The Issuer has filed a registration statement (including a prospectus) and the Preliminary Prospectus Supplement with the U.S. Securities and Exchange Commission (the “SEC”) for the offering to which this communication relates. Before you invest, you should read the Preliminary Prospectus Supplement and the prospectus in that registration statement and other documents the Issuer has filed with the SEC for more complete information about the Issuer and this offering.
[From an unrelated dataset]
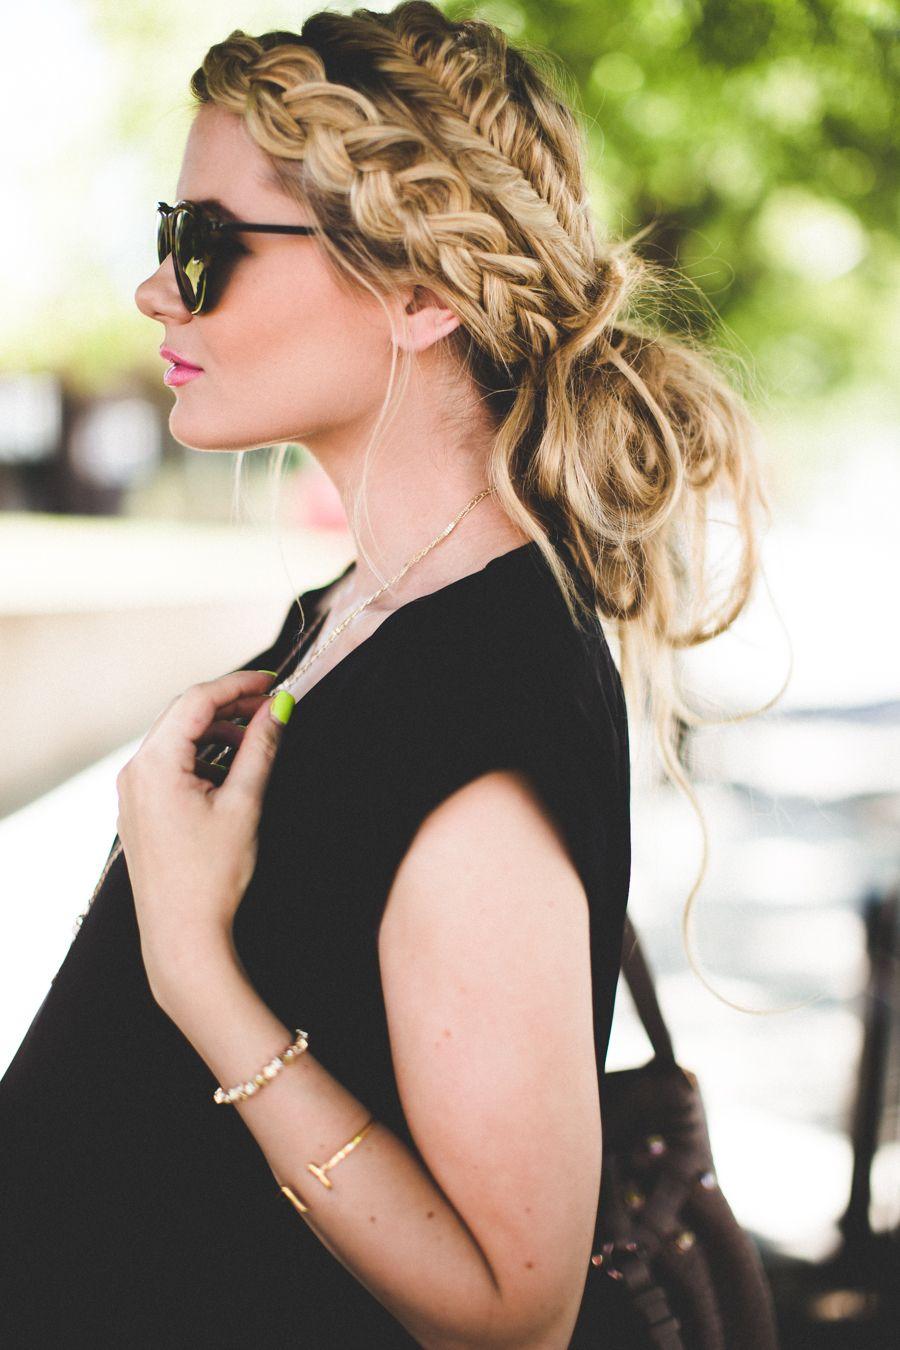 Photo from tumblr fashion pinterest barefoot blonde bun hair

You may obtain these documents free of charge by visiting EDGAR on the SEC web site at www.sec.gov. Alternatively, the Issuer, any underwriter or any dealer participating in the offering will arrange to send you the Preliminary Prospectus Supplement (or, when available, the final prospectus supplement) and the accompanying prospectus if you request it by calling BofA Securities, Inc. toll-free at1-800-294-1322, Goldman Sachs & Co. LLC toll-free at1-866-471-2526, or Wells Fargo Securities, LLC toll-free at1-800-645-3751.

Any disclaimer or other notice that may appear below is not applicable to this communication and should be disregarded. Such disclaimer or notice was automatically generated as a result of this communication being sent by Bloomberg or another email system.